Your jack selection criteria is the pressure requirement and more importantly, the displacement of the pump. It's likely that your 4 jacks will have different leakage rates and they will probably have different levels of static friction.

All of this means that one fraction of a stroke of the pump or maybe one full cycle of the pump will cause each jack to move different amounts.


The hoses will be small and the pressure rating will depend on the levels of pressure you need in your system.

have you calculated the pressure required to generate 20T?


Depending on the loading of the jacks and the stiffness within each one, you will most likely find that depressing the level on the pump will result in one jack moving, while the other three stay still.

Also, as stated above, there will be leakage and that means your static pressure will decay or the jacks will retract a little if the pressure is constant.

I expect that you will have to operate the pump a few times per day. The frequency of operation depends on the leakage rate, which is a function of the pressure in the system. Also, what level of accuracy are you hoping for? If you expect a few mm of the displacement, your tank will need to be very stiff to reduce the strain. Otherwise you will just see one jack moving and nothing else.



 
@FluidPowerUser- Thanks for the fast response to my question. Let me explain a little more and please forgive my lack of basic hydraulics knowledge.

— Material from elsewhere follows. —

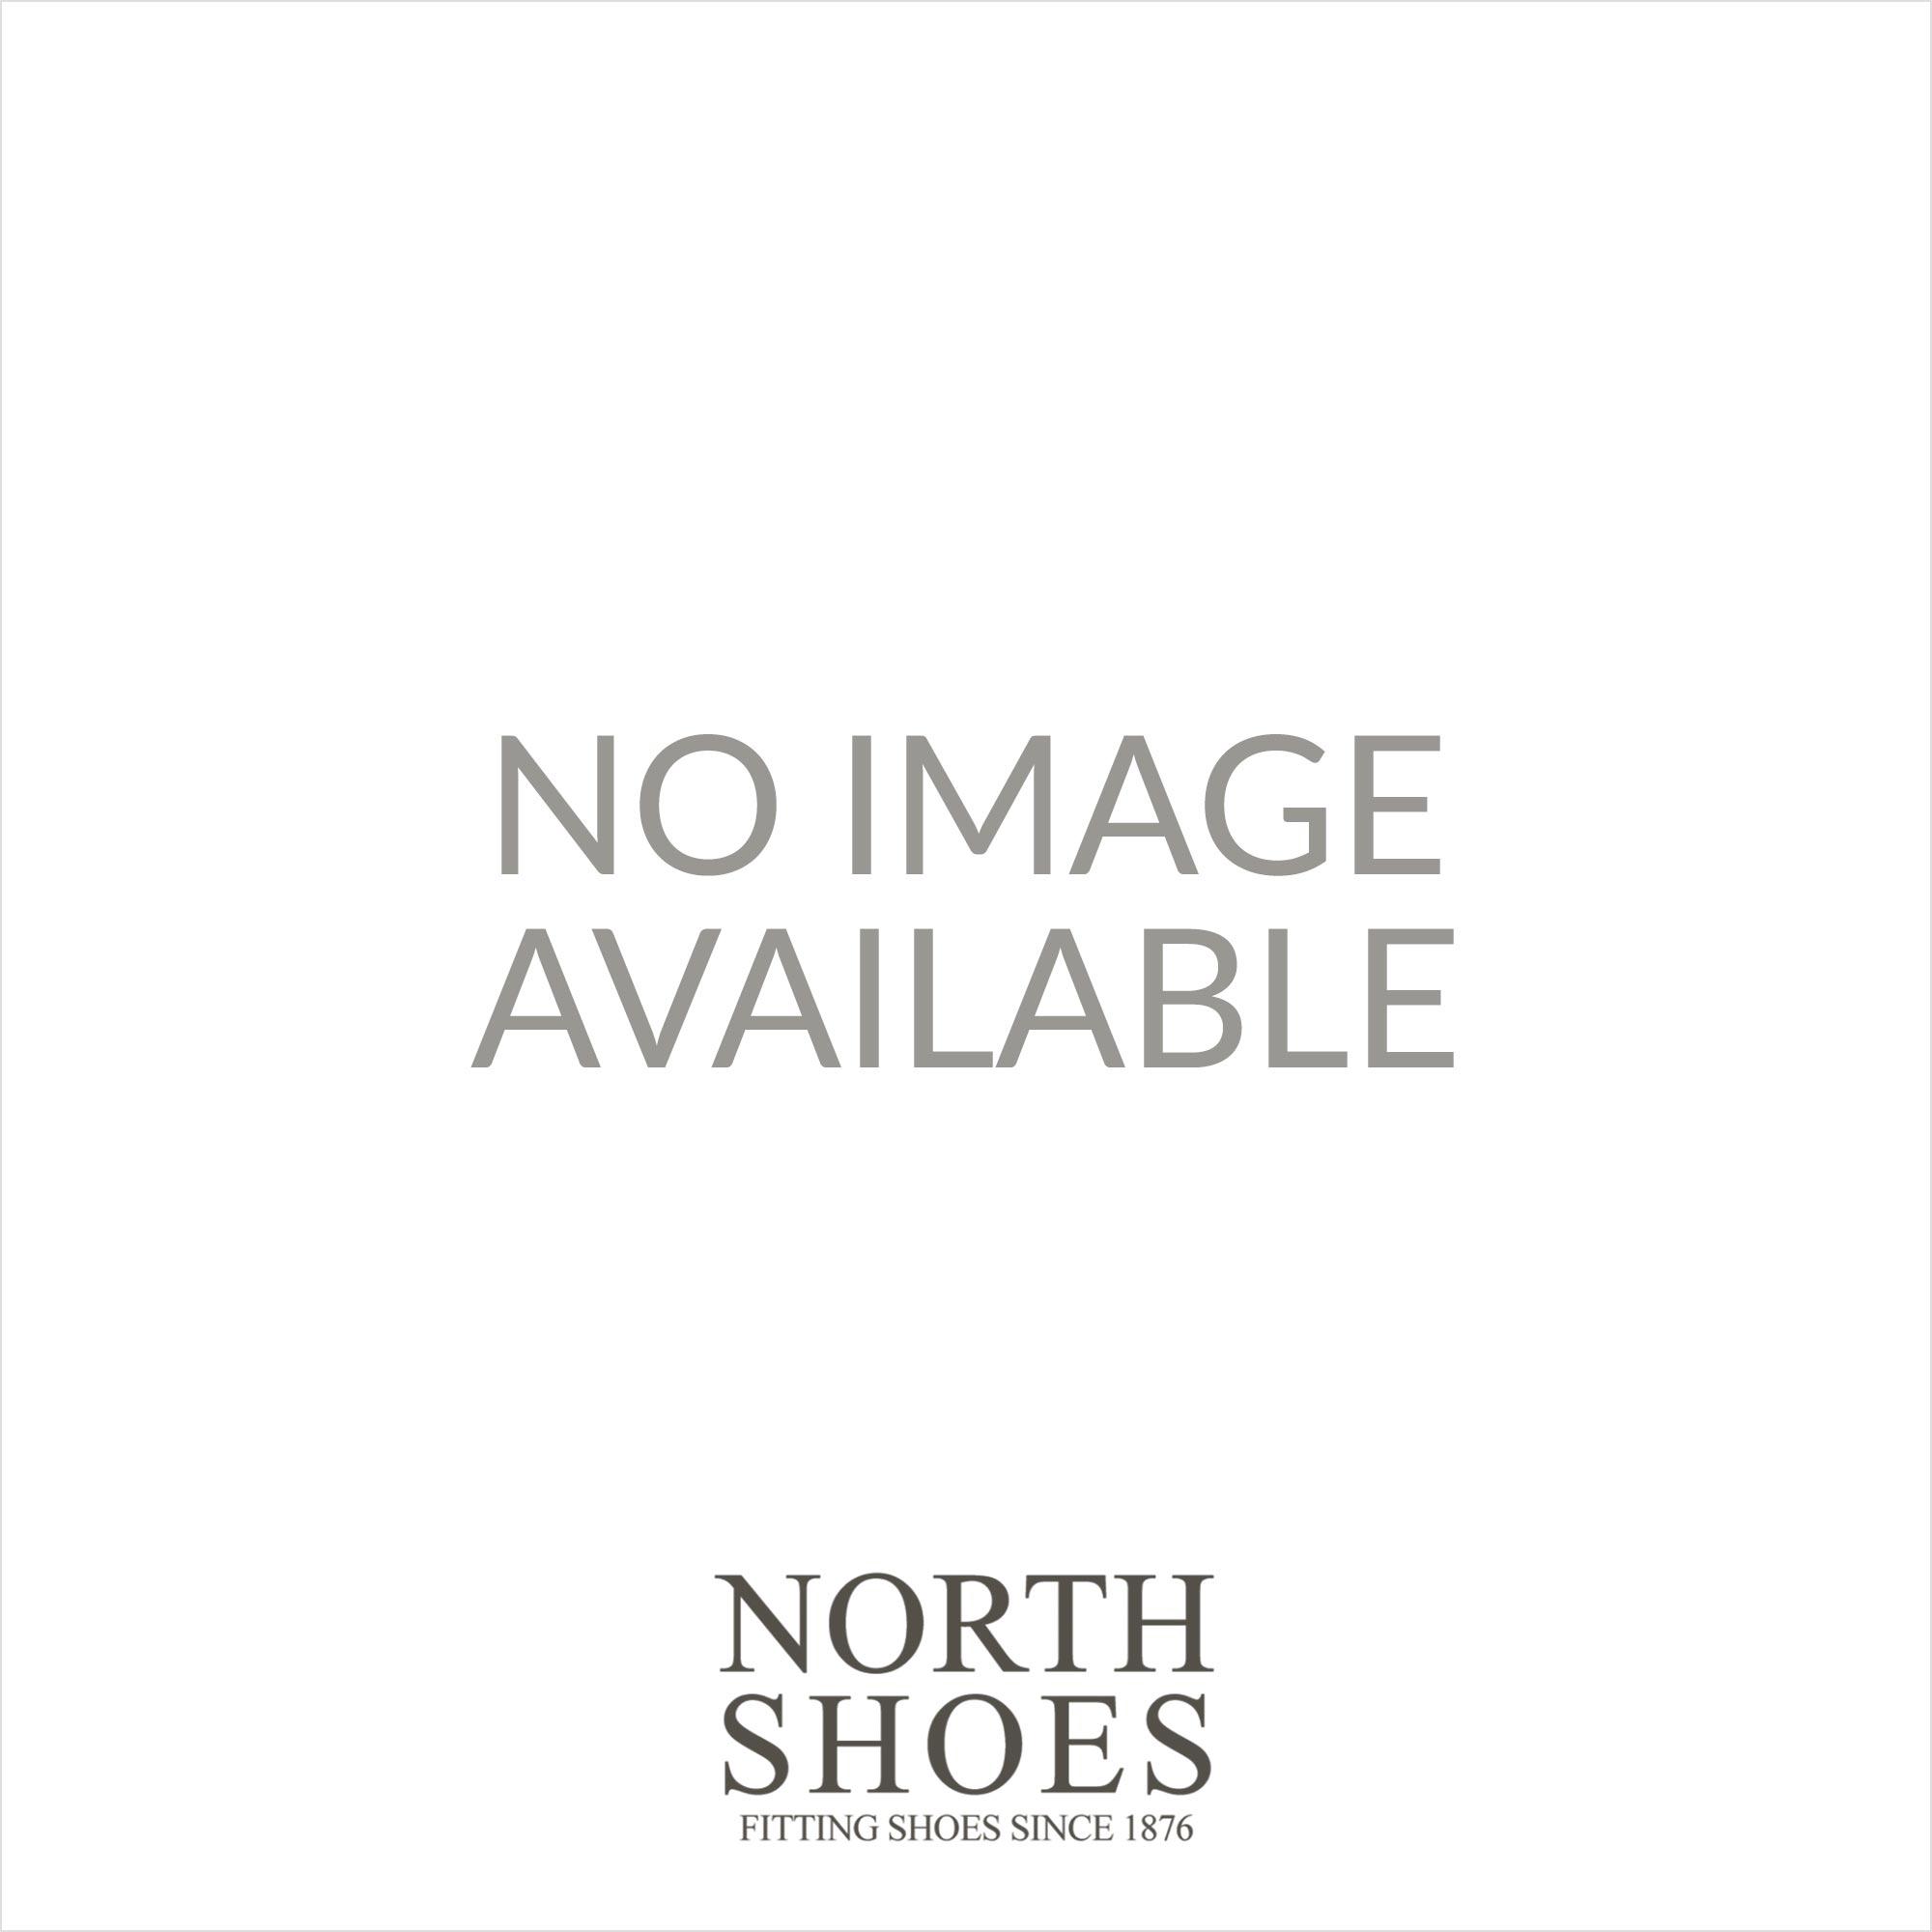 Witcombe Echo Tan Nubuck Leather Womens Chunky Lace Up Brogue Shoe

1- A more detailed explanation of the process- I forgot to mention that I was planning to add a needle valve on each manifold. I would start the process by opening one valve and pumping until I make contact with the load by observing a change in the displayed weight in the verification electronics. I then would shut the valve and repeat for each of the 4 points. At that point the I would be ready to start the test.

2- Next I would zero both displays.

3- Open all the needle valves an start pumping while observing the verification electronics until the target weight reading is achieved. I realize that lift may not be uniform on all 4 points, but this does not really matter as the 4 load cells are wired in parallel so that the voltage output is is the average of all 4 load cells. The job of the electronics is to display the average weight. Even if the hydraulic lift is unequal it will still apply a known pressure to the system under test.

4- The reason for using this approach is because some customers have huge tanks with no place to mount test weights which is the traditional way to test / calibrate a weighing system.

5- The test should take less than am hour to complete and then may not be used again for weeks or months. That's why I am not sure if I need to invest in the most expensive equipment.

6- About the PSI- I see that the jacks have a ton rating, but I am not sure exactly how to match a hand pump to the total lifting capacity that I need to lift. My first thought was that if you keep pumping
you will eventually get to the PSI needed to get to 80% of the jack rating.

7- Do you think that exercising one jack at a time would be better, I will take your advise on that.

8- Another question I had was if you think a longer stroke in the jack would produce a finer adjustment than a shorter stroke? The idea to make the system more universal was to use a low profile jack and if
and use some steel discs to make up for the height if necessary.


 
Let's go back to the basics of what you are trying to achieve here.

It sounds like you want to measure the mass of the tank - Correct?

What mass are you expecting? Mass x Gravity will tell you the force you will have. When you know the force, you can divide that by four and that will tell you what force each jack needs to develop.

The force divided by the area of the jack cylinder will tell you the pressure your pump needs to develop.

The pump uses a differential area piston and leverage to allow an average mass person to be able to operate the pump. For example, 32kg or 70 pounds applied to the handle will get you 700 BAR pressure or 10,150 PSI. How much do you need? To change the displacement, they offer bigger diameter pistons rather than longer stroke as you don't want to go above 45 degree stroke angle as the resolve forces increase and you'd need a gorilla to operate the pump.

If your plan is to build the pressure on each leg and then lock the pressure in with a needle valve, then you are on the right track, but you will still see pressure decay because there will always be some leakage over the needle valve and across the seals in the jack. It won't be a problem if the load on the jacks is short term. I am just saying that there will be some leakage over time, so don't expect the static pressure to stay the same or for the jack to hold position forever.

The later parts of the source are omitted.